Primary Cutaneous Nocardiosis in a Patient Taking Adalimumab Therapy for Crohn's Disease.

Introduction

The introduction of biologic immunomodulators, in particular antibodies targeted against tumor necrosis factor alpha (TNF-alpha), has revolutionized treatment of Crohn’s disease. However, this comes at the expense of a higher risk for opportunistic infections due to a generalized immunosuppressive effect. Bacterial and opportunistic infections are well-known complications of anti-TNF agents.1,2 Nocardia has been reported rarely among patients on anti-TNF agents.3

TNF plays a role in the clearance of norcardia in animal models.4 Immunosuppression, anti-TNF treatment in particular, may favor growth and dissemination of nocardia. Pulmonary and cutaneous nocardiosis has been reported in Crohn’s disease patients on infliximab.5,6 Nocardiosis has been reported with adalimumab therapy in rheumatoid arthritis patients.7,8 Our search did not reveal any cases of nocardiosis while on adalimumab therapy in Crohn’s disease patients.
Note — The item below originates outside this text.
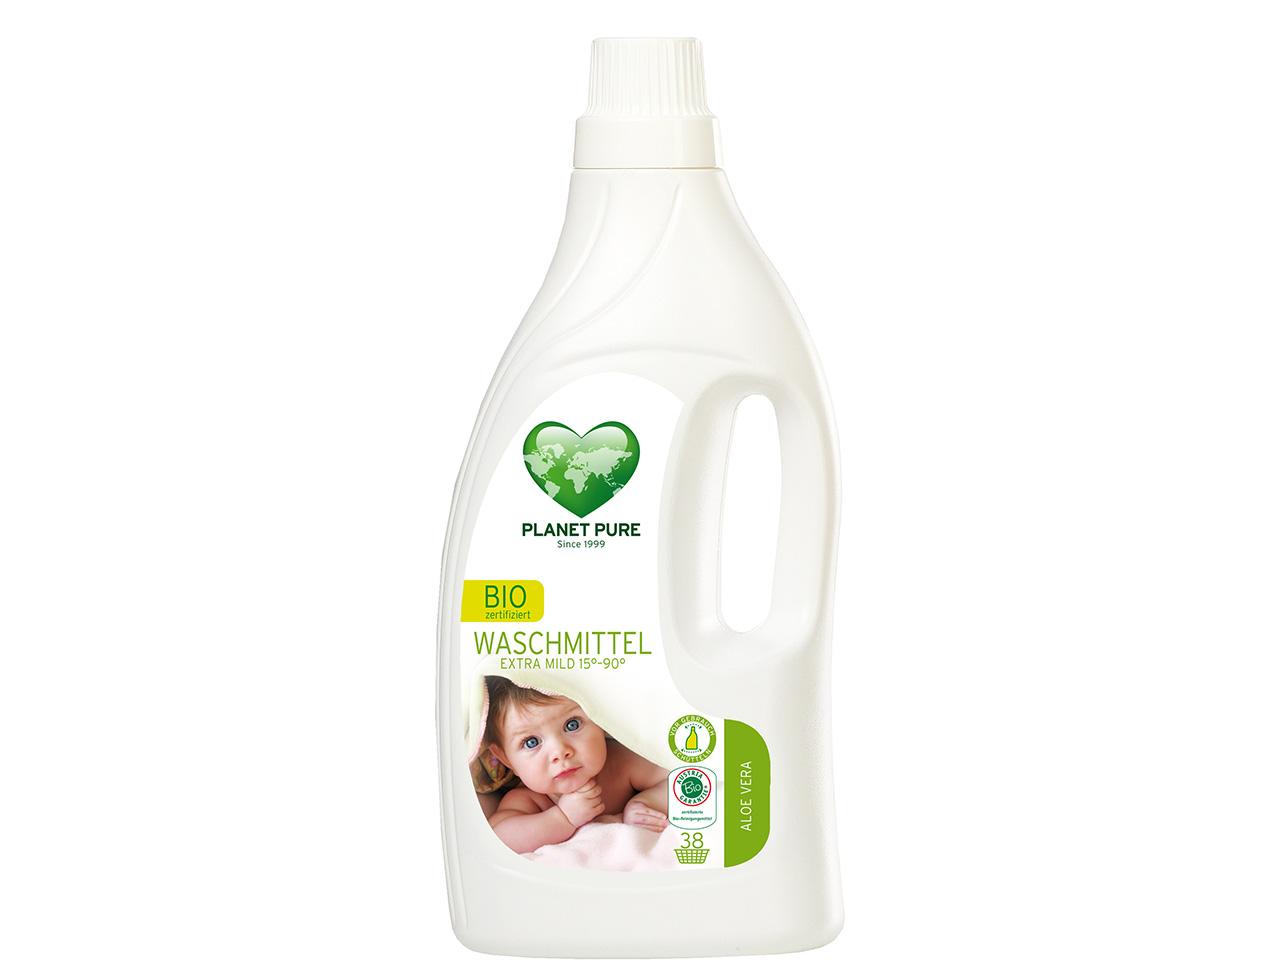 Bio Waschmittel Aloe Vera

Crohn’s disease patients receiving biologic agents, in particular, tumor necrosis factor (TNF)-alpha inhibitors are immunosuppressed and are prone to develop opportunistic infections. We report a rare case of primary cutaneous nocardiosis in an immunocompromised patient on chronic anti-TNF for underlying severe Crohn’s disease.

Case Report

A 36-year-old Caucasian gentleman with a history of Crohn’s disease treated with adalimumab presented with a cellulitis-like rash on his forehead (Figure 1). Five weeks previously, he had struck his forehead on a construction pole, sustaining a laceration which required sutures. On presentation he had developed purulent discharge from the laceration site, and he was started on doxycycline. After completing antibiotic treatment, he was seen by a dermatologist due to persistent rash and a punch biopsy was taken from the area.

Figure 1

Cellulitis-like rash with draining and crusting.
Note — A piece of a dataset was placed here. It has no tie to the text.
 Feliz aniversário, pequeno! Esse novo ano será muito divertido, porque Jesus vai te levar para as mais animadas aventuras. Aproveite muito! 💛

Histological examination of the biopsy showed granulomatous inflammation thought to be related to a foreign body. The lesion worsened with increasing pain, pruritus, erythema, and development of a furuncle with drainage of yellow purulent material. A swab was sent for aerobic culture which grew coagulase negative staphylococci. Viral and fungal cultures from this lesion were negative.
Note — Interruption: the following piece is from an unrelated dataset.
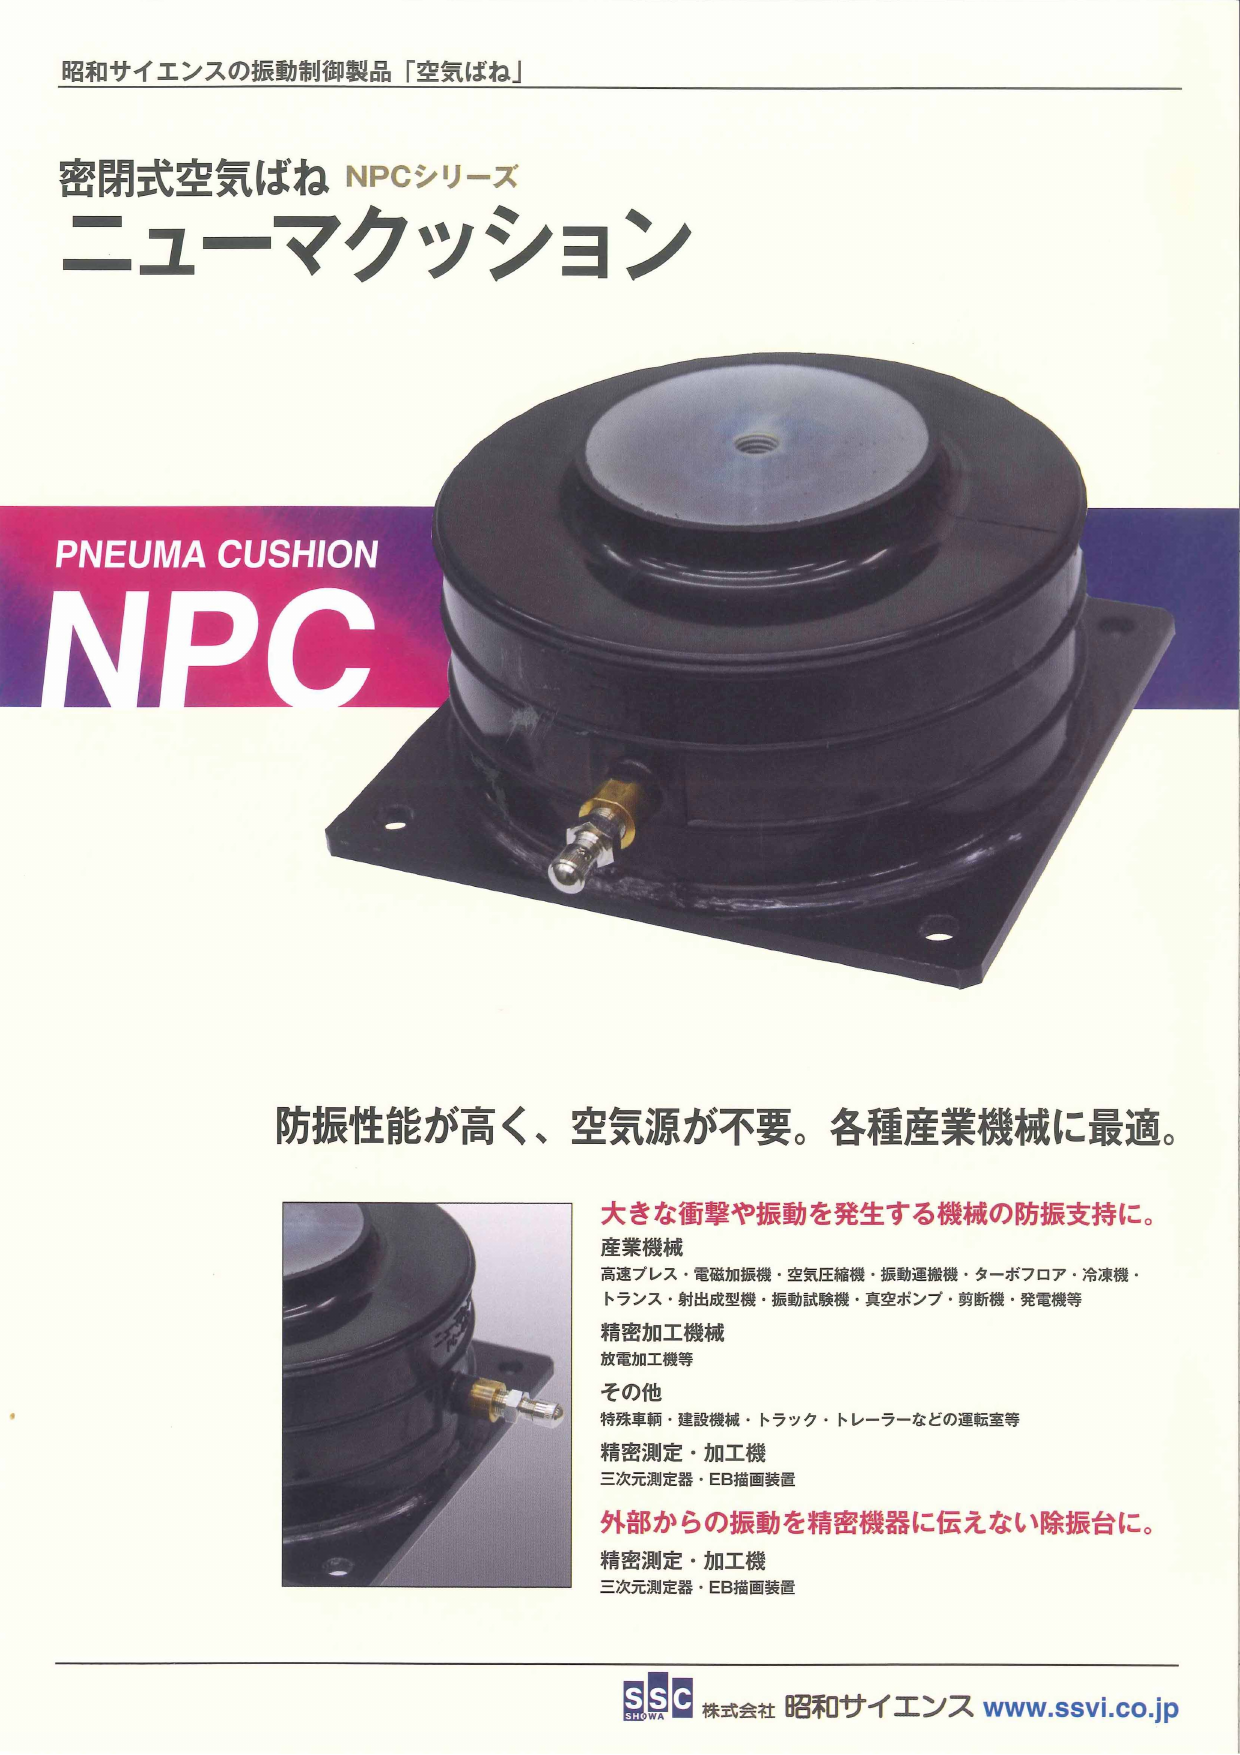 密封式空気ばねNPCシリーズ  ニューマクッション

Over the next several weeks, the lesion continued to worsen, growing in size and becoming more painful. The adalimumab therapy was stopped and pyoderma gangrenosum was considered due to the patient’s underlying Crohn’s disease. The patient subsequently was admitted due to uncontrolled pain, and progression of his forehead lesion. A comprehensive work-up for human immunodeficiency virus, syphilis, tuberculosis, hepatitis, antinuclear antibody, rheumatoid factor, anti-cyclic citrullinated peptide, and serum protein electrophoresis were negative. Blood (bacterial and fungal), urine, and sputum cultures were negative. Chest x-ray was negative. With IV antibiotics, there was some improvement in the forehead rash and the patient was discharged on oral antibiotics. He also was started on dapsone and clobetasol for treatment of pyoderma gangrenosum. One week later, cultures from his biopsy grew Nocardia arthritidis (Figure 2). He was started on trimethoprim-sulfamethoxazole daily with follow-up with an infectious disease specialist. His rash improved significantly after a few weeks of treatment.

Figure 2

Nocardia asteroids staining and culture.

Discussion

Human nocardiosis is caused by nocardia species which is an ubiquitous soil inhabiting bacteria and considered an opportunistic pathogen.8 It can affect the skin and classically disseminate to involve the lungs and brain. It is a difficult infection to treat and carries high mortality if disseminated.9 Nocardiosis has been well known to affect AIDS patients, transplant recipients, and long term corticosteroid treated individuals. Now, it is being recognized increasingly in immunosuppressed patients on anti-TNF agents. Previous use of corticosteroids has been identified as a risk factor, as noted in our case, and was present in more than 50% of cases in earlier studies.10

Early diagnosis is essential and norcardia should be considered in the differential diagnosis of any patient presenting with draining skin lesion or painful rash who is receiving anti-TNF agents or has in the recent past. Anti-TNF therapy doubles the risk of opportunistic infections in inflammatory bowel disease patients.9,10 This underscores the importance of adherence to guidelines for their prevention and management. A high level of vigilance and scrutiny in examination and follow up are highly recommended for this group of patients.

Conclusion

A high level of suspicion must be enforced when patients receiving TNF-alpha inhibitors present with skin manifestations, in particular, cellulitis-rash or draining lesion. Early identification and treatment of nocardia is pivotal to prevent disseminated disease and mortality.